Alternatively, if you want the ongoing memoir experience that StoryCorps doesn’t provide (multiple sessions over weeks, written compilation, no 40-minute cap), Memoirji does this on WhatsApp with voice messages and produces a PDF memoir.

When to use StoryCorps vs. other memoir tools

Different tools for different goals:

ToolBest forOutputCost
StoryCorpsOne big conversation worth preserving foreverAudio, archived at Library of CongressFree
MemoirjiOngoing memoir over weeks, voice-basedWritten PDF memoirFree
StoryworthYear-long structured questions, gift formatPrinted hardcover$59-$199/yr
Family Tree DNA + family interviewsGenealogy + stories combinedFamily tree + audio$99+
Self-recorded videoVisual + audio preservation, no public archiveMP4 fileFree

The honest framing: if you want preservation, use StoryCorps. If you want a written book, use Memoirji or Storyworth. If you want both, use StoryCorps for the big interview and Memoirji or Storyworth for the ongoing memoir.

A practical script: how to invite someone to a StoryCorps interview

If you’re nervous about asking a parent or grandparent, this script works:

“I’ve been thinking about [parent/grandparent], and I want to make sure we capture some of your stories.

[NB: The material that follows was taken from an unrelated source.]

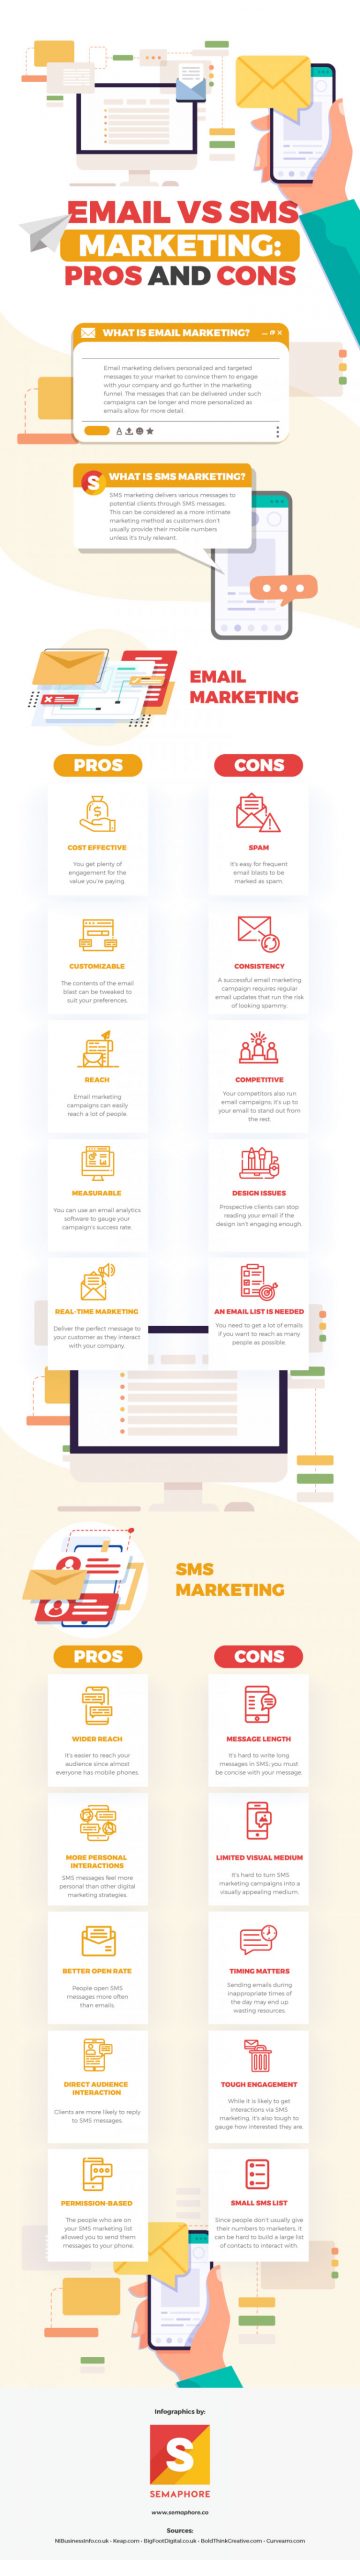 email vs sms marketing pros and cons infographic

There’s a free service called StoryCorps that records 40-minute conversations and saves them at the Library of Congress. I’d love to record one with you. Can we pick a Saturday afternoon to try it? I’ll send you the questions in advance so you can think about them.”

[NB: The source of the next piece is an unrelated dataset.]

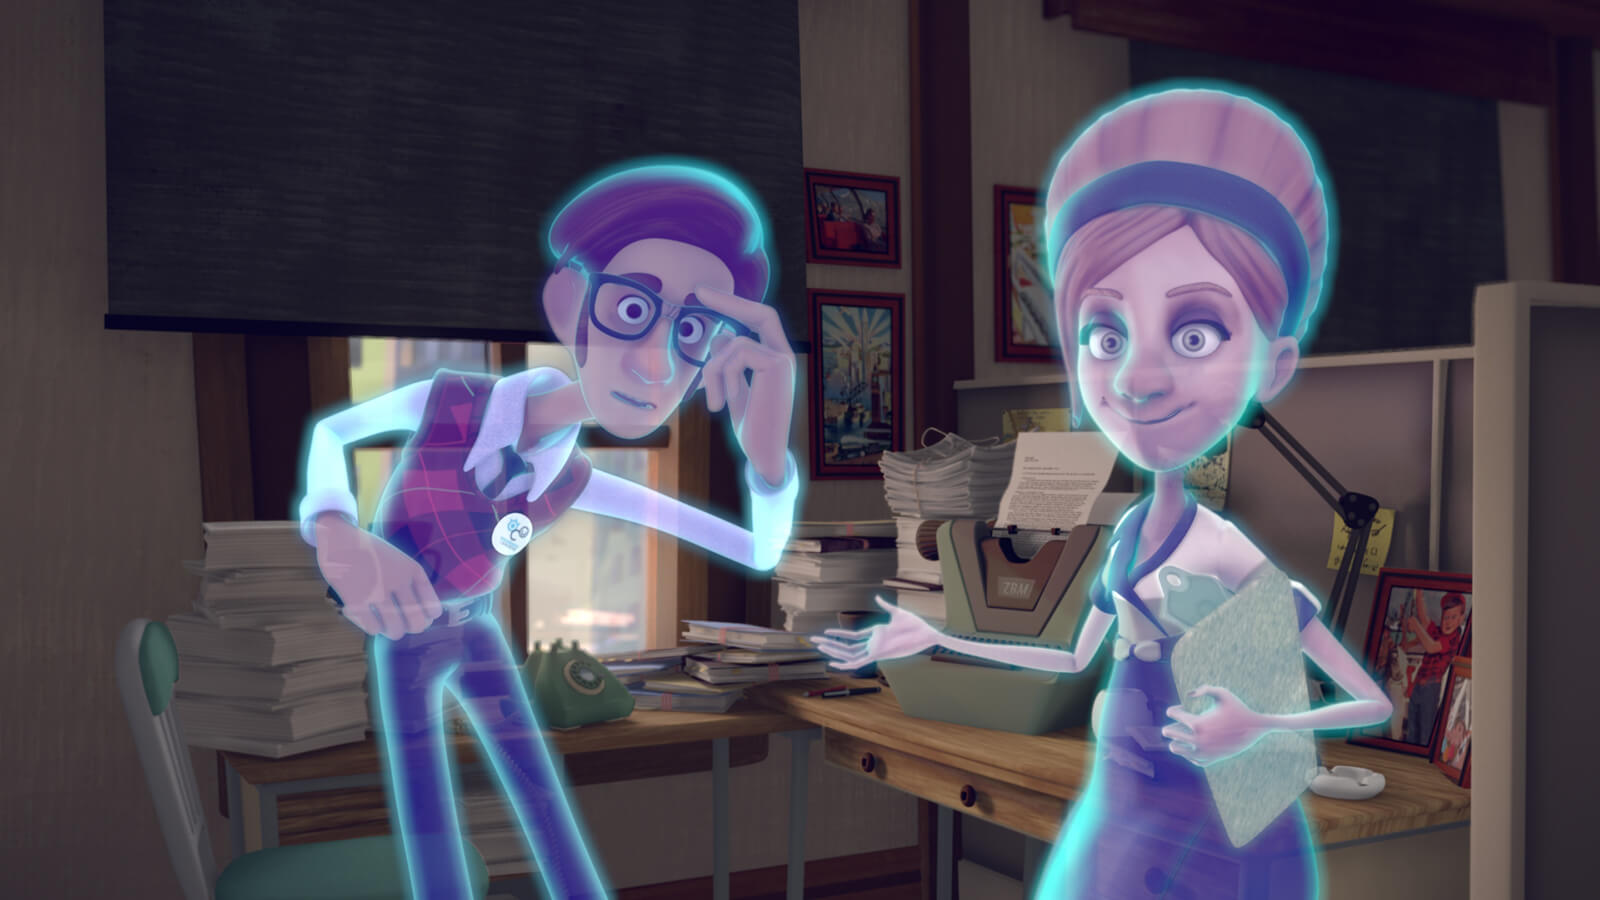 A translucent, glowing blue man and another spectral woman holding a clipboard stare directly at the viewer.

Three things this script does right:

  1. Frames it as preserving stories, not extracting them
  2. Names the credibility (Library of Congress)
  3. Gives a small, specific commitment (Saturday afternoon, questions in advance)

Most parents and grandparents say yes to this. The few who say no usually need a few weeks to think about it before agreeing.

What to do this week

  1. Download the StoryCorps app today (free, iOS or Android). Don’t record yet.

  2. Make a list of 3 people you’d want to interview before they’re no longer around. Be honest. This is the real motivation for most StoryCorps interviews.

  3. Pick one and send them the script above this week.

  4. Once they agree, prep your questions using the Great Questions list. Send them a week ahead.

  5. Record.

If your interview partner prefers ongoing voice messages over a single big interview, Memoirji is the better tool. If they’re up for one focused session, StoryCorps is unbeatable.

The hardest part of any memoir project is starting. StoryCorps lowers the starting cost to “one Saturday afternoon and 40 minutes”. That’s hard to beat.